Even if the Department properly found that the bonds were not gifted, Mer-lini then argues that the Department erred in finding that the entire value of the bonds should be attributed to her because she purchased the bonds with her own funds and only her social security number was listed on the bonds. She contends that because federal Treasury Department regulations apply to United States savings *771bonds, they dictate that she and one of her children are co-owners when listed together on the bond, and each person is entitled to 50% of the value of the bond. As a result, she contends that only 50% of the value of the bonds should be used to calculate her eligibility for medical assistance.3

Contrary to Merlini’s argument, the applicable Treasury Regulation, 31 C.F.R. § 357.21(b)(2)(ii), provides that when, as here, two names are listed on a security joined by the word “or,” that security “shall confer on each owner an undivided interest in the security and shall create a conclusive right of survivorship.” (Emphasis added.) This undivided interest conveys on the co-owner the right to enjoy the total value of the security or to collect 100% of its value upon redemption. When determining whether such an asset is available when a personal resource, such as the savings bonds, here, is shared by the applicant for medical assistance, and an individual who is not an applicant for the program, 55 Pa.Code. § 178.4(e)(3), provides that if the applicant can dispose of all of the asset without the consent of the other owner, the applicant’s share of the resource is presumed available for determining her eligibility for nursing home assistance. In this case, because Merlini could have cashed the bonds for her own use, the bonds were available for her use and disposal at all times, including when she applied for medical assistance and are, therefore, fully countable as resources in determining her eligibility for medical assistance.

Accordingly, the decision of the Department is affirmed.

ORDER

AND NOW, this 25th day of July, 2007, the order of the Department of Public Welfare, dated December 29, 2006, is affirmed.
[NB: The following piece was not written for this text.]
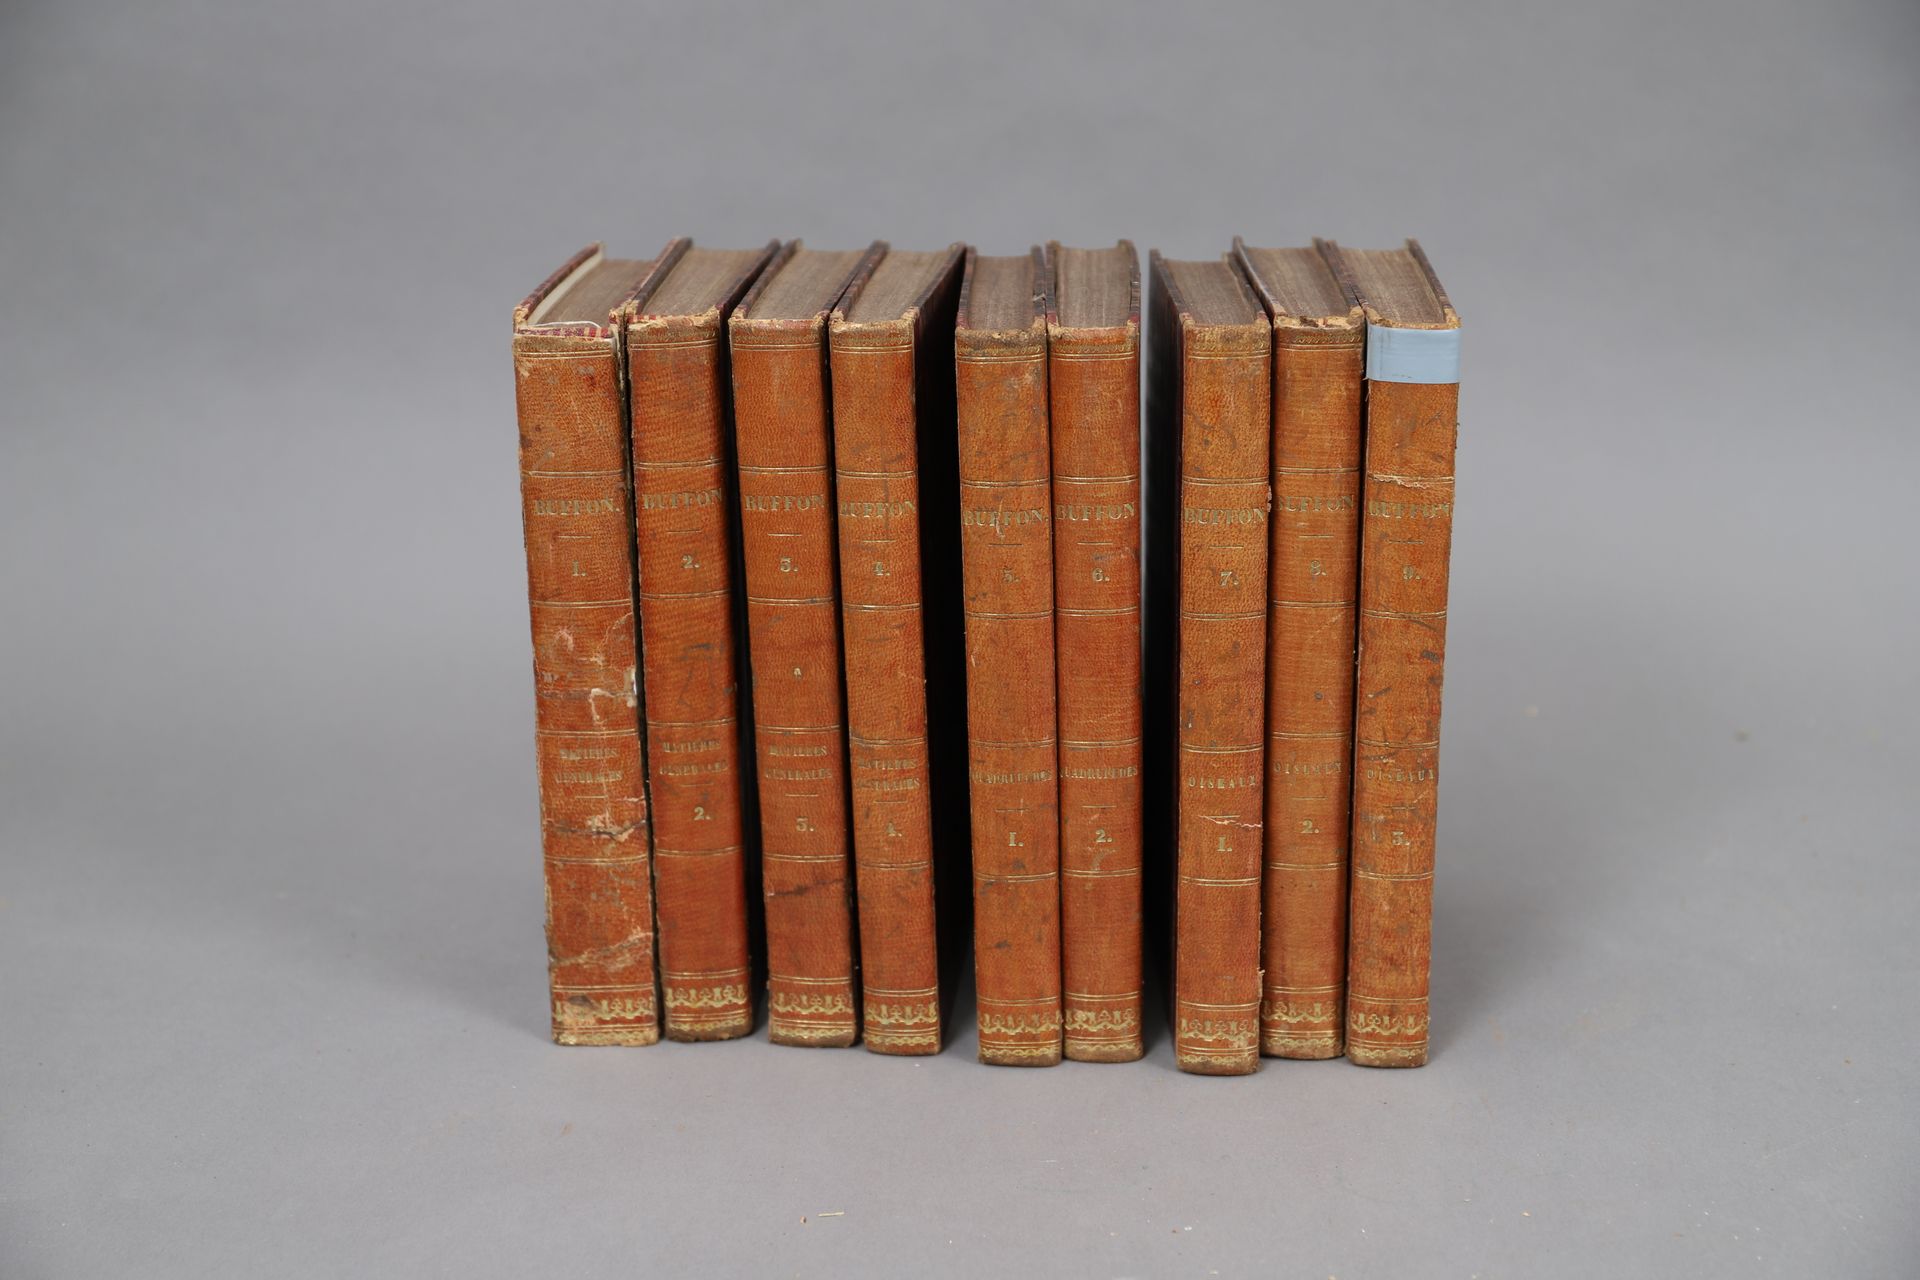 Null OBRAS DE BUFFON

París 1835, 

9 volúmenes encuadernados.
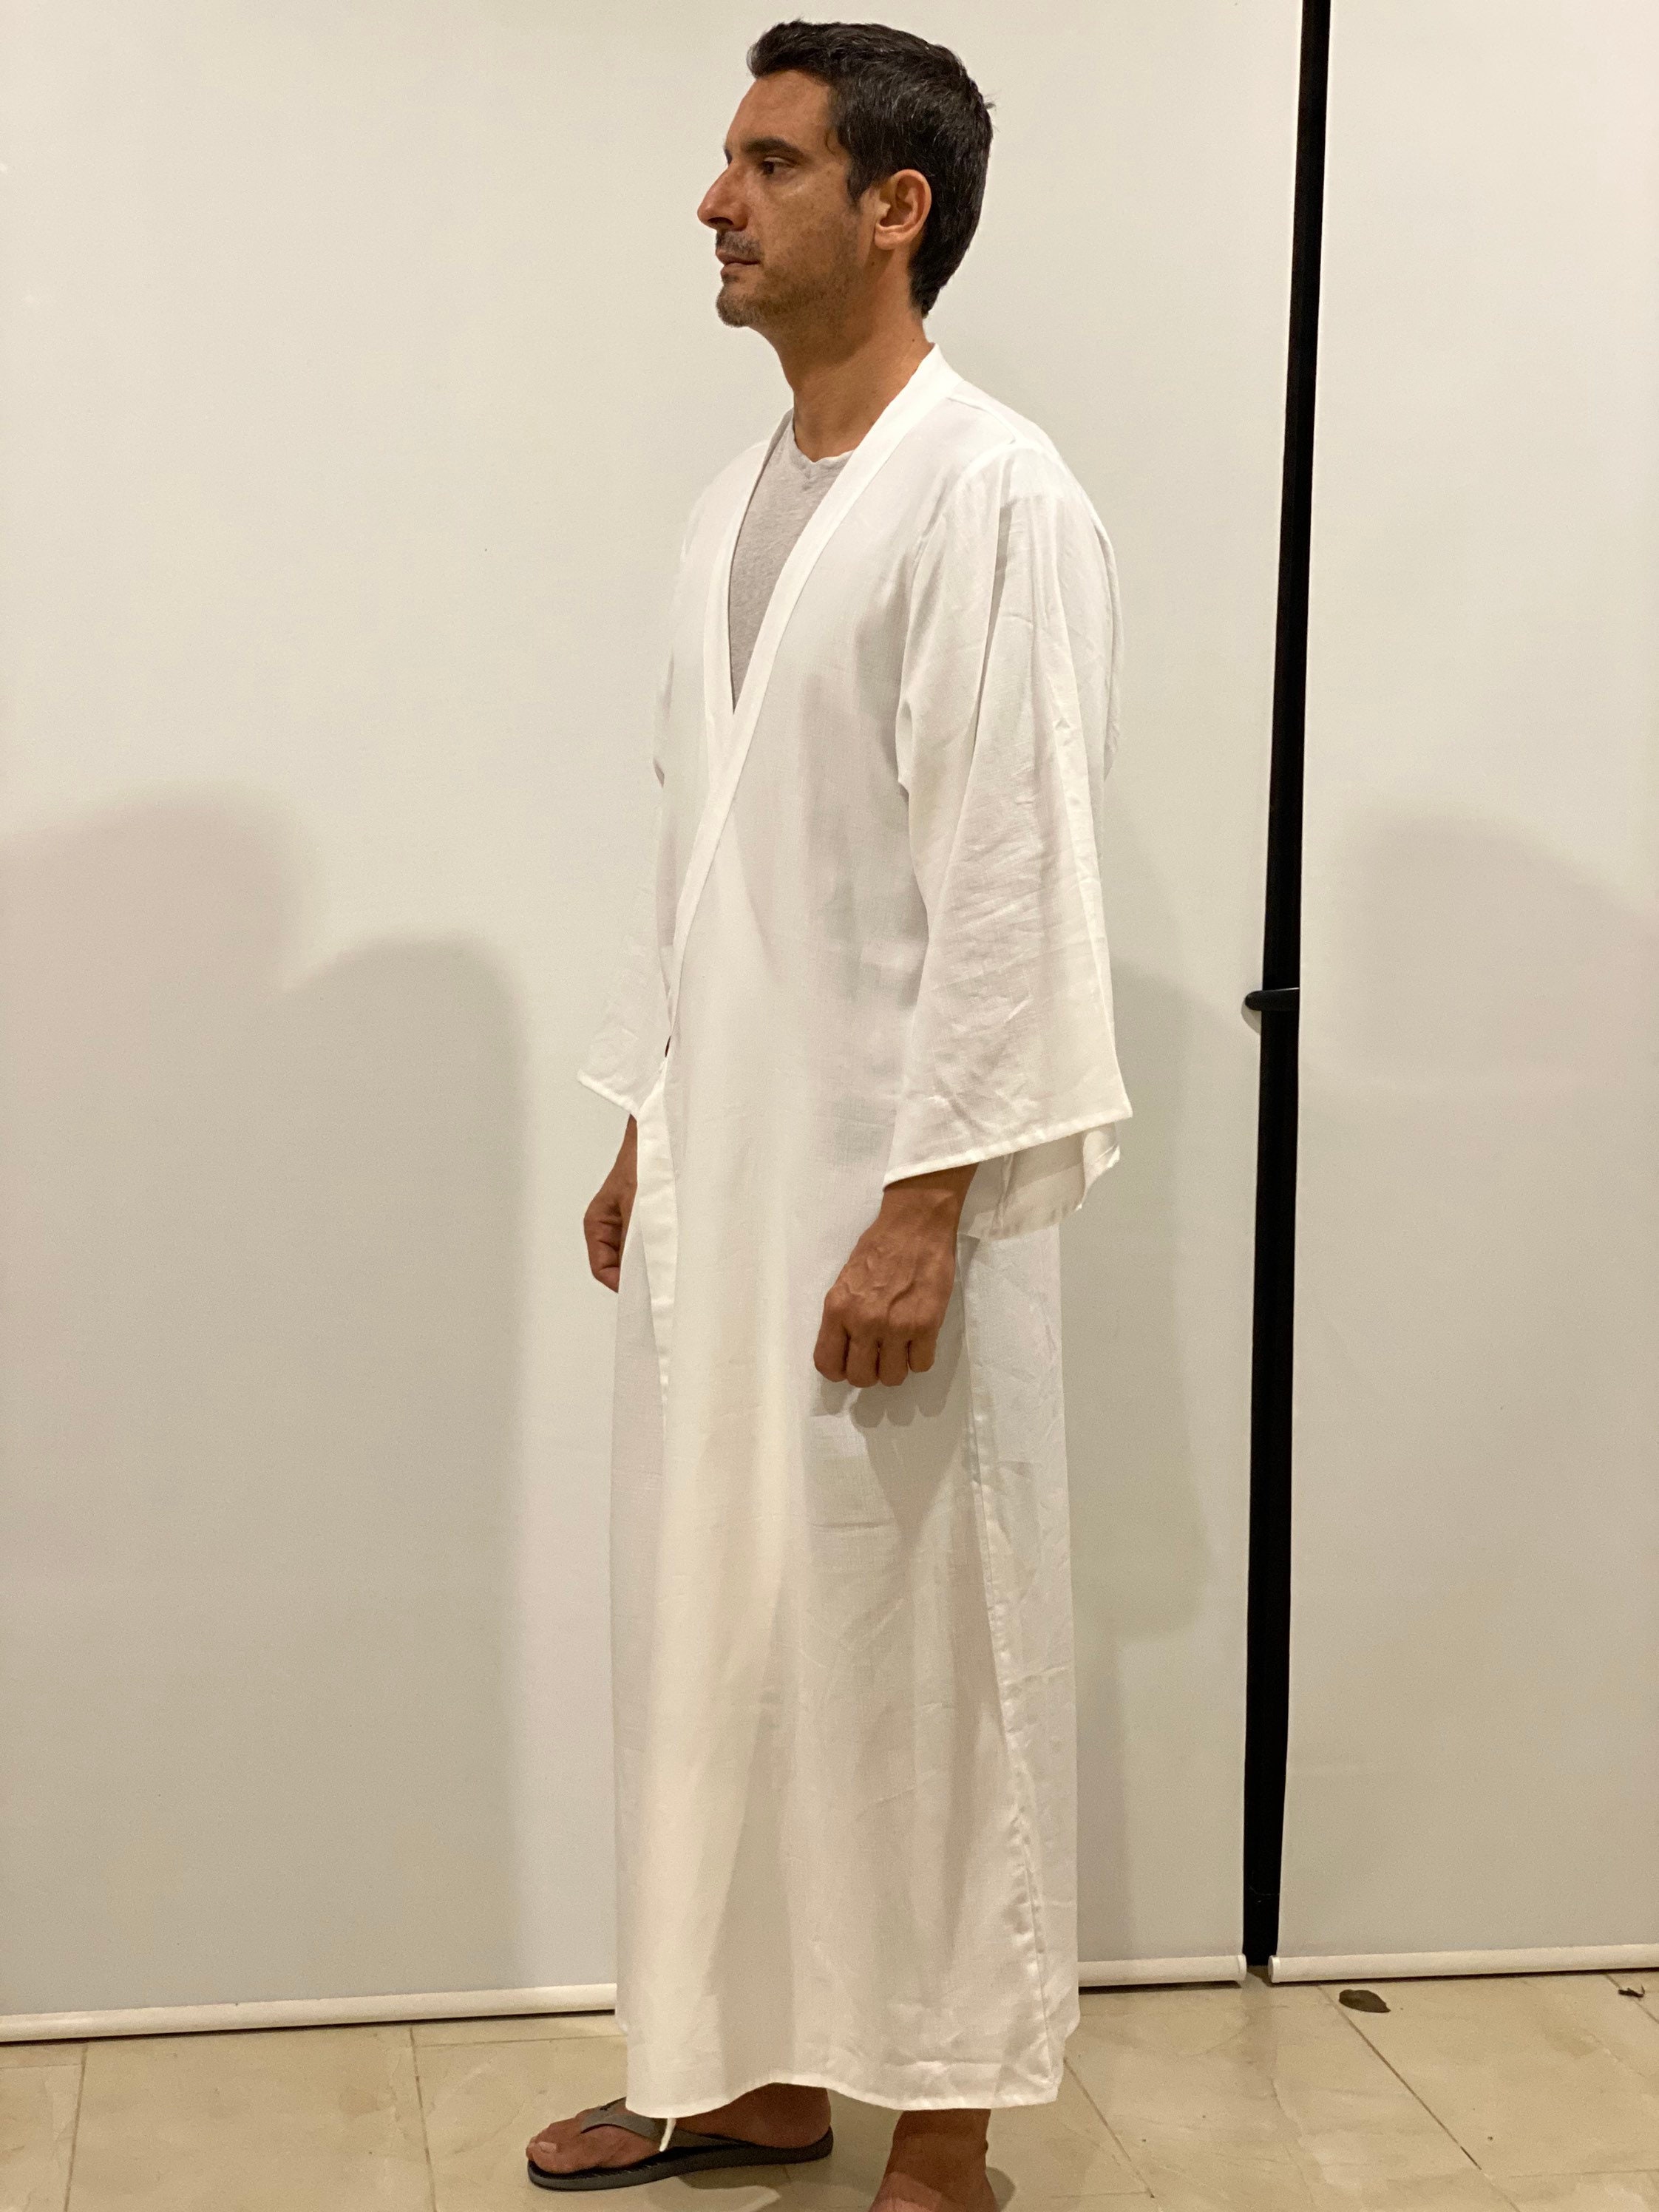 White Dragon kimono man / man kimono robe / white kimono man / | Etsy

. The Department is required to determine the eligibility of applicants seeking medical assistance based on the amount of resources they have prior to applying for this program. To be eligible, the total value of an applicant’s available assets must not exceed the established medical assistance resource limit. 55 Pa.Code § 178.1. When the total value is greater than the resource limit, an applicant remains ineligible for medical assistance and must deplete her resources on medical expenses before becoming eligible for benefits again. Filoon v. Department of Public Welfare, 819 A.2d 188 (Pa.Cmwlth.2003).

. Our scope of review of a decision of the Secretary is limited to determining whether an error of law was committed, whether constitutional rights were violated, or whether necessary findings of fact are supported by substantial evidence. Julia Ribaudo Senior Services v. Department of Public Welfare, 915 A.2d 700 (Pa.Cmwlth.2007).

. Merlini also argues that the Department applied the improper rebuttable presumption to determine that she was the owner of the total value of the savings bonds because it based this presumption on guidelines found in Chapter 440.2 of its Nursing Care Handbook. She contends that this section only addresses ownership shares of joint accounts rather than co-owned bonds. However, the presumptions in this chapter are derivative of those located in 55 Pa.Code § 178.4. Although Chapter 440.2 speaks in terms of joint accounts and not co-owned bonds, we find no cognizable error in the Department premising its determinations on this chapter rather than 55 Pa.Code § 178.4(e)(3). As such, we need not address this argument.